Find a number in sorted multidimentional array with binary search

Question

we got an increasing sorted multidimensional array for example:

int[][] mat = {{1,2,3,4},
{5,6,7,8},
{9,10,11,12},
{13,14,15,16}};

How can I use binary search to find a specific number? let's say im looking for 3.

Answer 1

You can do this by translating the one-dimensional index into its two-dimensional counterpart. For example, index 0 maps to 0, 0, but index 4 will map to 1, 0, and index 15 will map to 3, 3.

This way you can use the standard binary-search algorithm, and all you have to do is to invoke the translation function when you need to look up the value at that particular index.

The formula to translate the one-dimensional index into its two-dimensional counterpart would be:

row = floor(index / columns);
column = index % columns;

This assumes that each array is sorted and that when flattened, the resulting array is also sorted.

Answer 2

If the multidimensional array is sorted, you could divide the binary search algorithm in two parts. First of all, you would perform the binary search to find the array inside the multidimensional one which contains the number you are looking for. And then, you perform the search inside that array.

Hope that helps.

Answer 3

You can use Arrays.binarySearch() for each sub array.

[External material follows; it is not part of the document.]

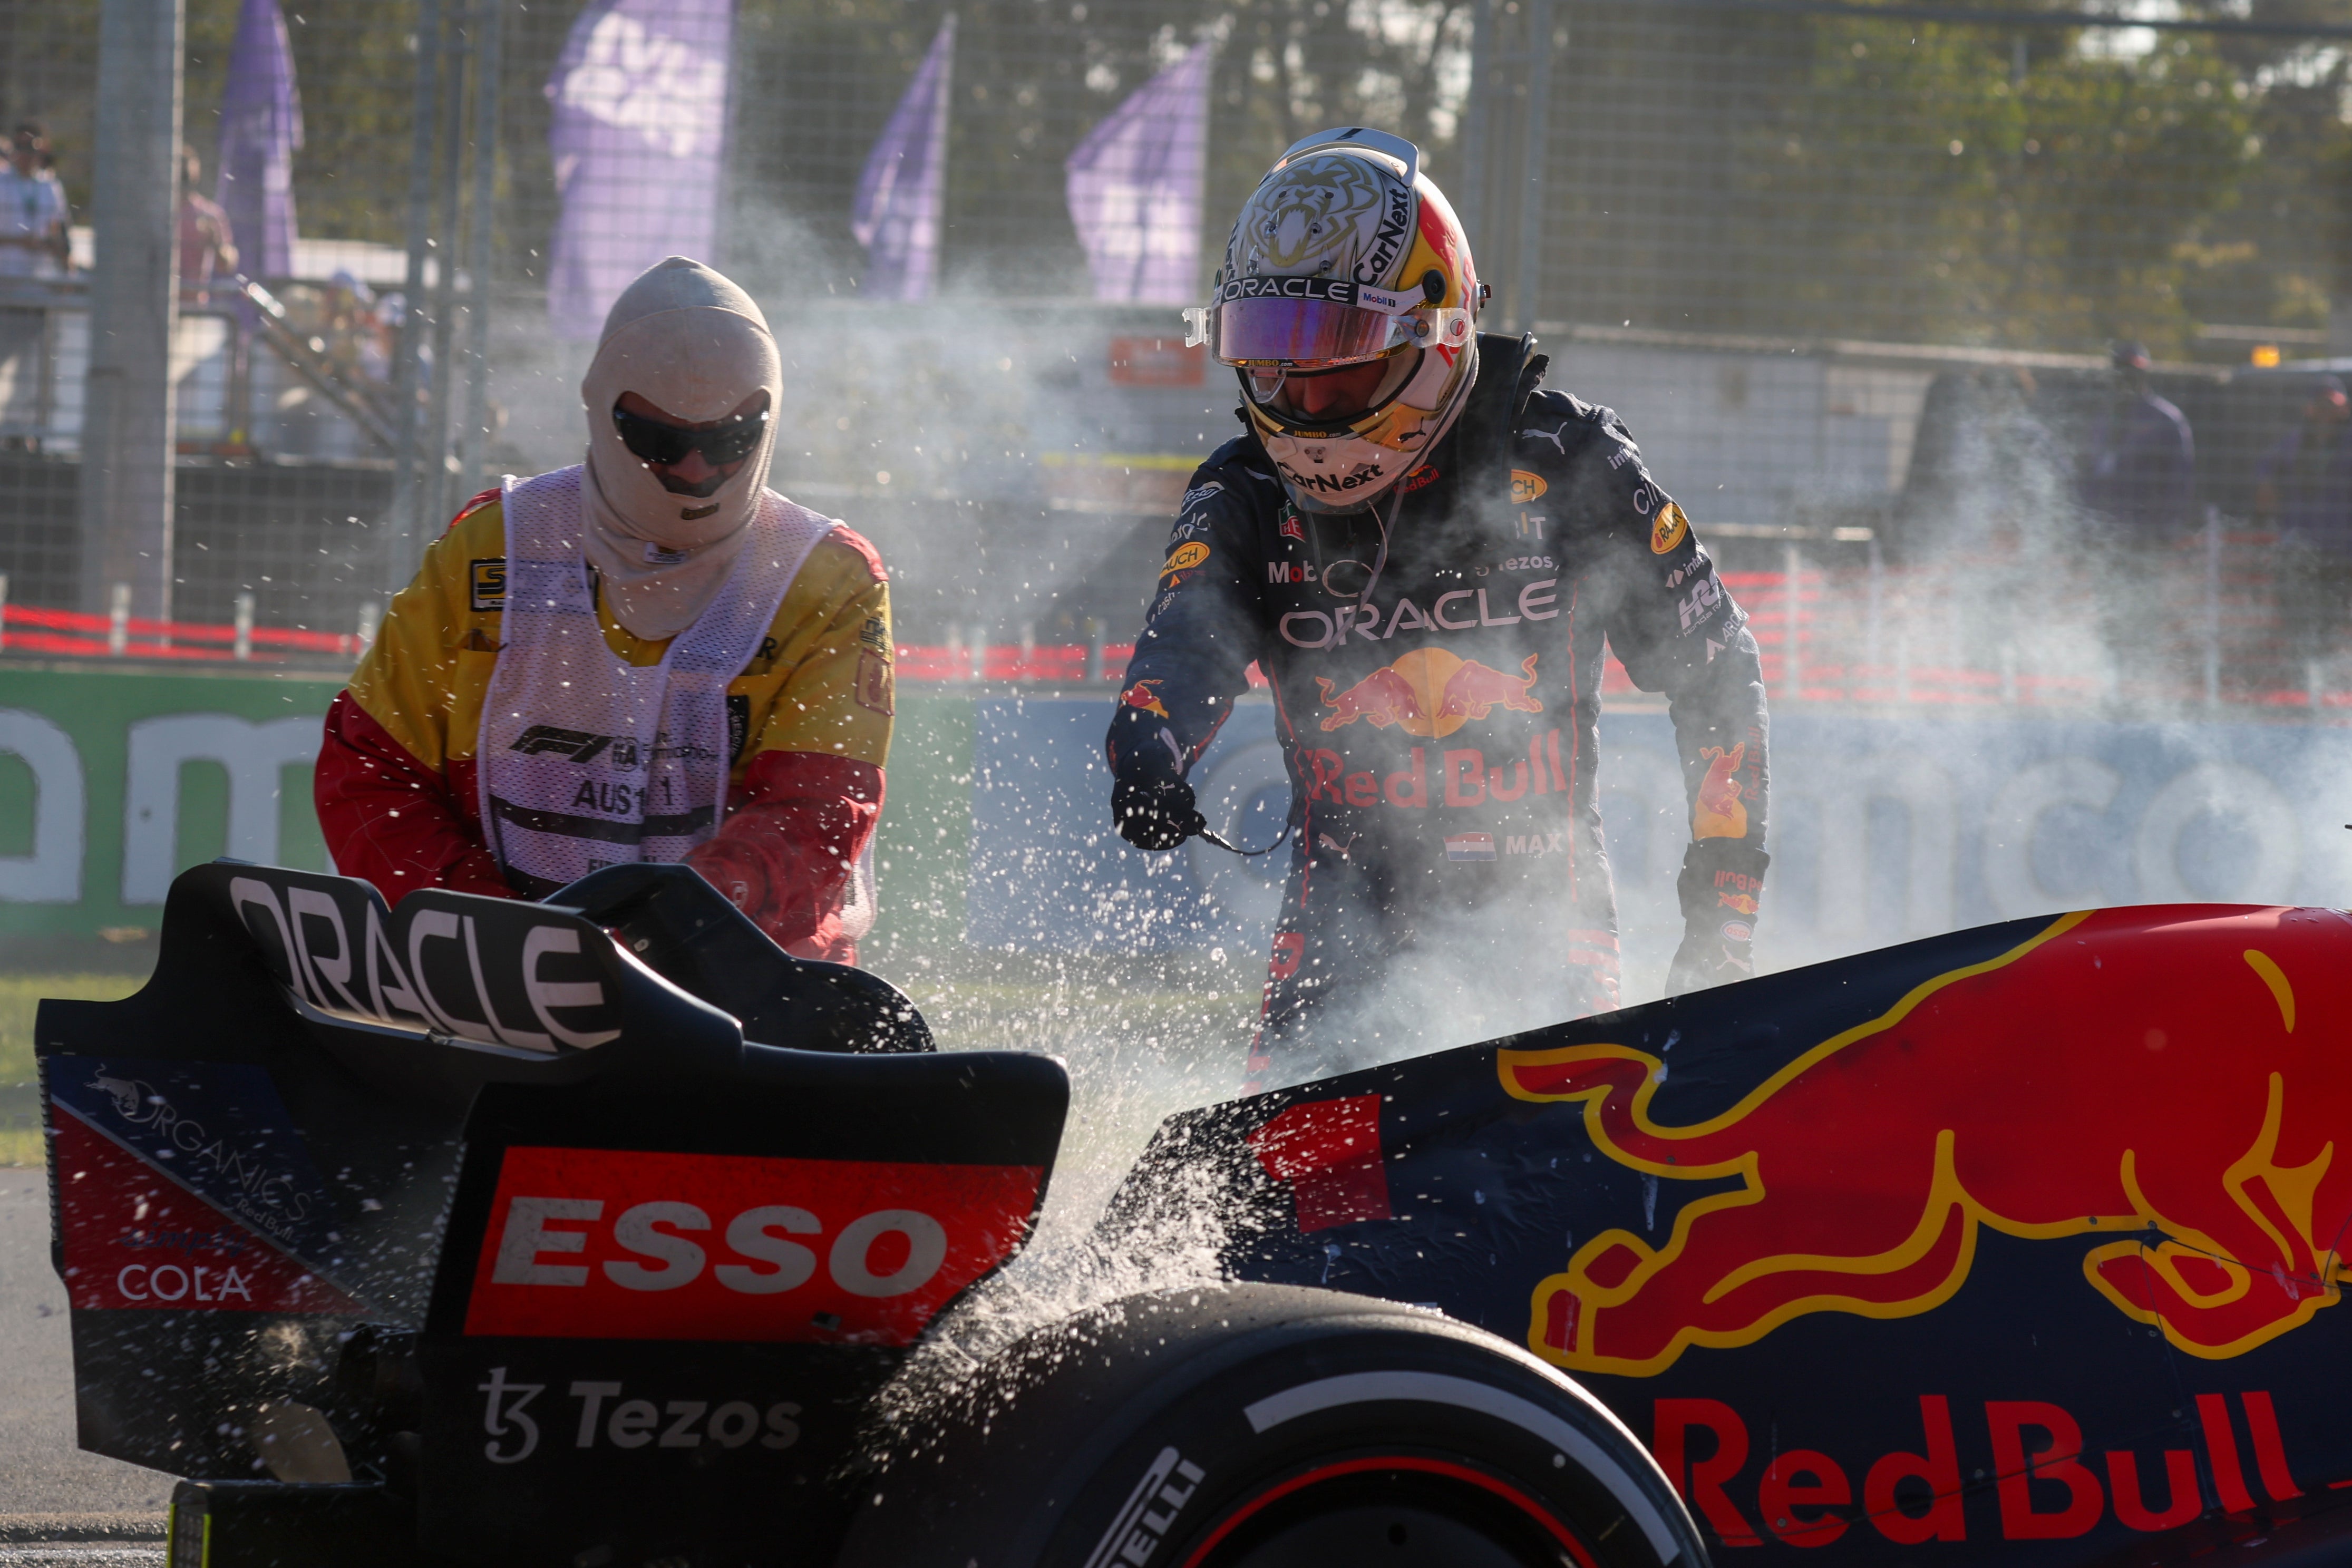 Red Bull’s Max Verstappen looks on as a fire in his car is extinguished during the Australian Grand Prix in Melbourne, which was won by Ferarri’s Charles Leclerc
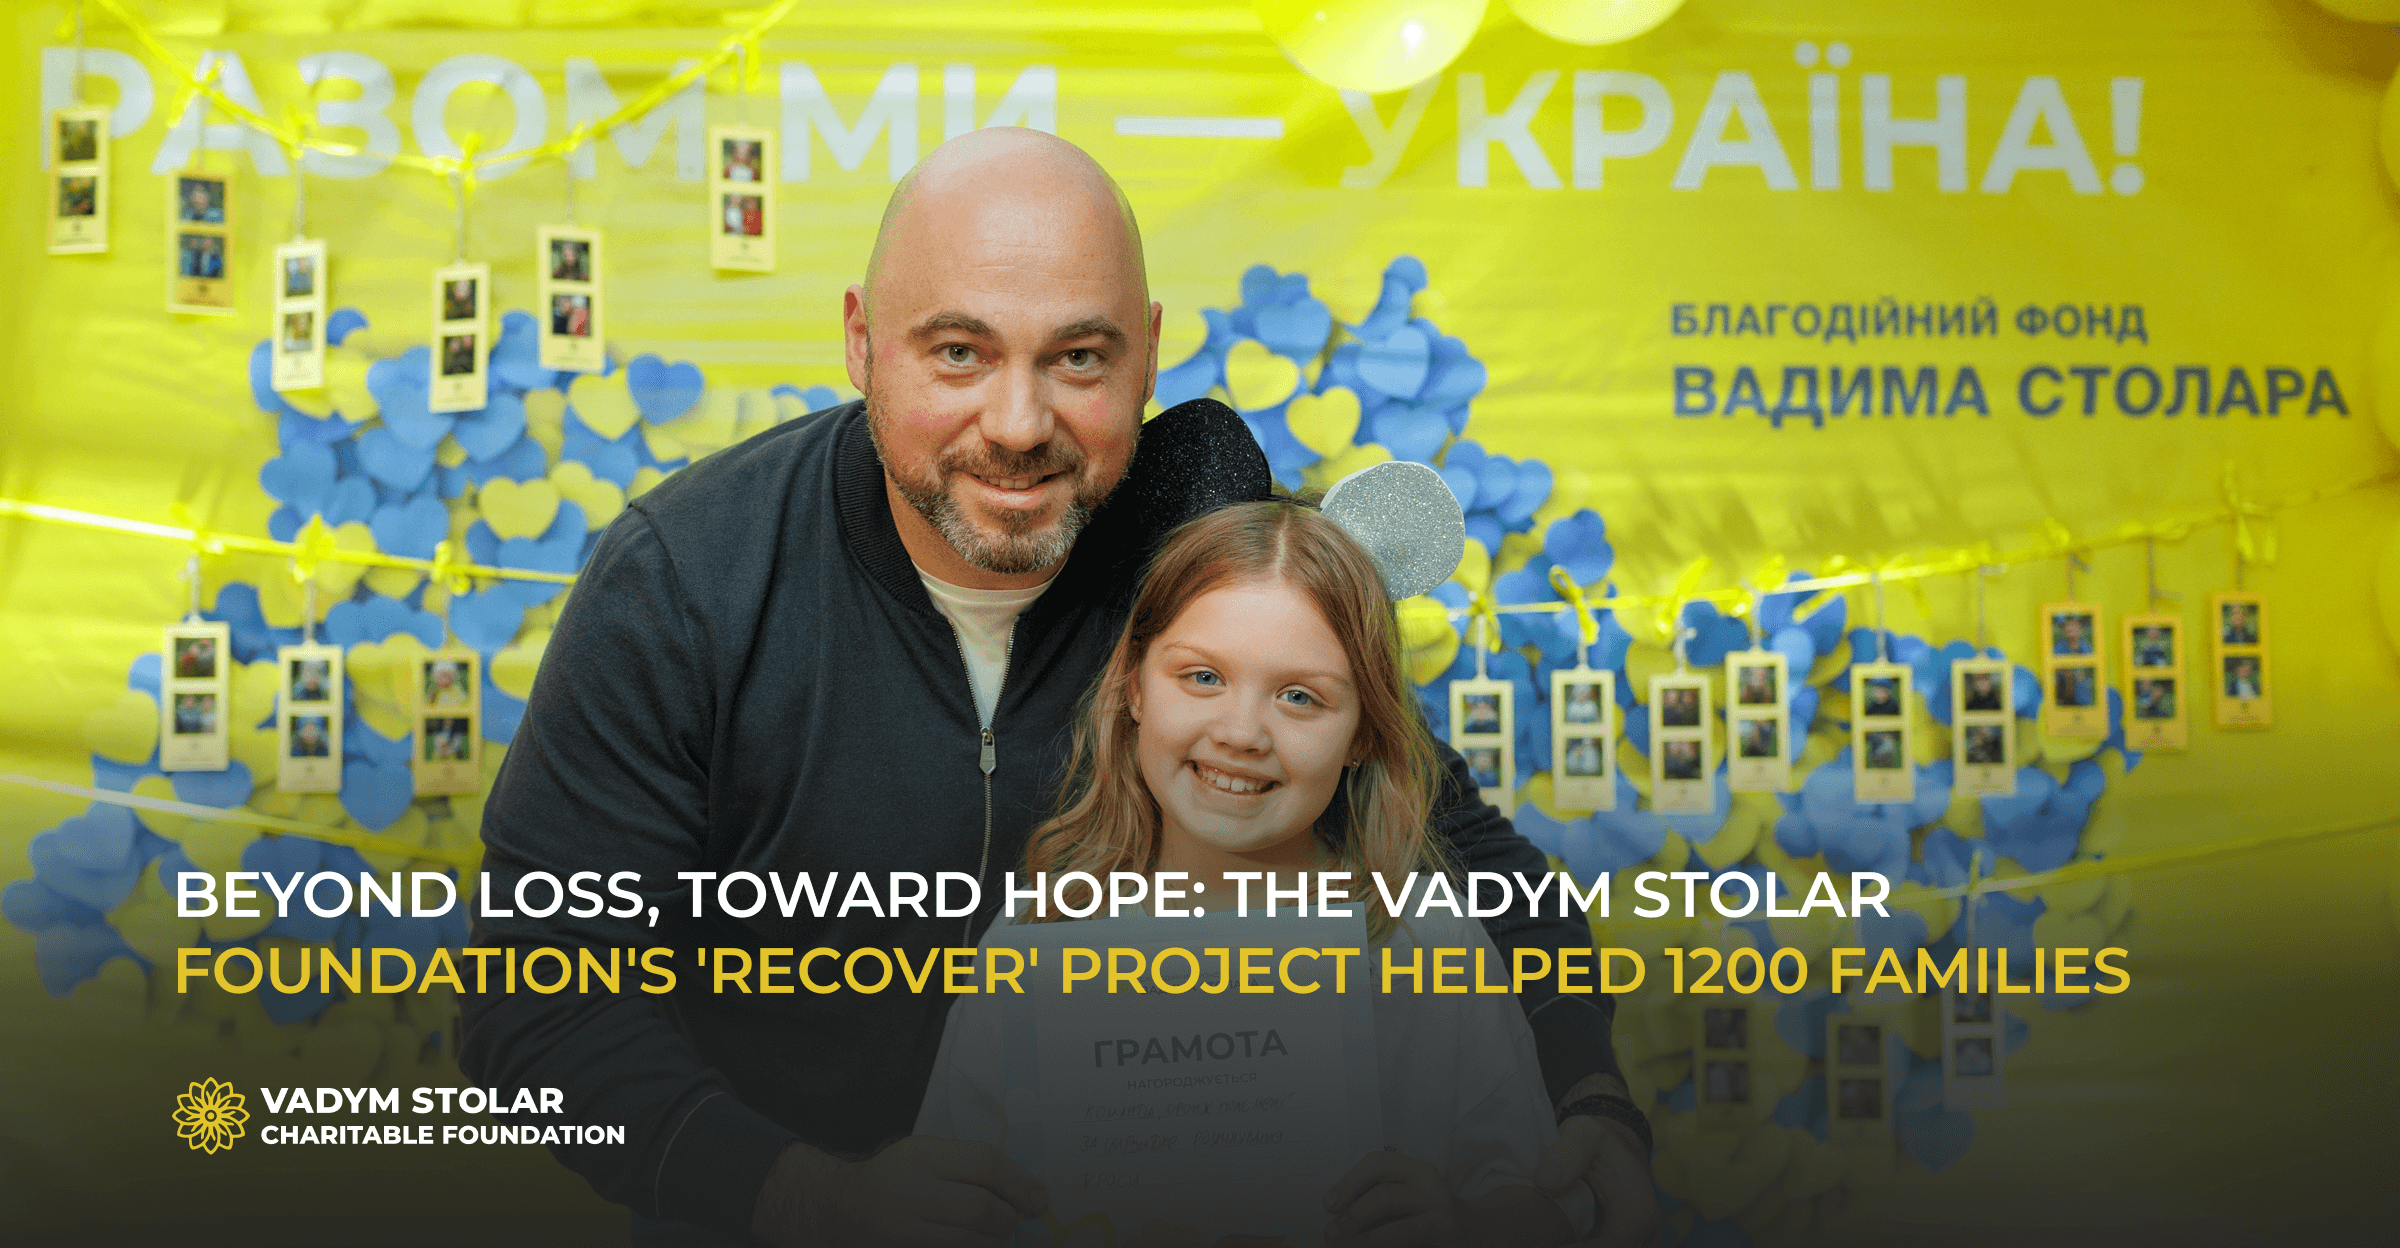 6 stages, 1,200 families: how the "Recover" project from the Vadym Stolar Foundation has been helping Ukrainians

private static int[] binarySearch2d(int[][] arr, int toFind) {
    int[] index2d = new int[] { -1, -1 };

    // find the row
    int row = -1;
    for (int i = 0; i < arr.length; i++) {
        if (arr[i][0] > toFind) {
            break;
        }
        row = i;
    }

    if (row > -1) {
        int indexInSecond = Arrays.binarySearch(arr[row], toFind);
        if (indexInSecond > -1) {
            index2d[0] = row;
            index2d[1] = indexInSecond;
        }
    }
    return index2d;
}

private static void test() {
    int[][] mat = { { 1, 2, 3, 4 }, { 5, 6, 7, 8 }, { 9, 10, 11, 12 },
            { 13, 14, 15, 16 } };

    int[] found = binarySearch2d(mat, 12);
    int element = mat[found[0]][found[1]];
    System.out.println("Found: " + element + " at mat[" + found[0] + "]["
            + found[1] + "]");
}

will output

Found: 12 at mat[2][3]

Answer 4

2-d array can be used as 1-d array in following way using following formula for index:-

Say you need to find kth index in 1-d array then it be element with i= k/n and j = k%n where n is order of the matrix in the 2-d array. Use binary search as in 1-d array with ending index n*n-1.

Alternative Approach:-

1.> Do binary search on first elements of each 1-D array that arr[i][0].

2.> Then using above get the 1-D array which contains the element say k then do binary search on arr[k].

Answer 5

You can create an one dimensional array and use binary search .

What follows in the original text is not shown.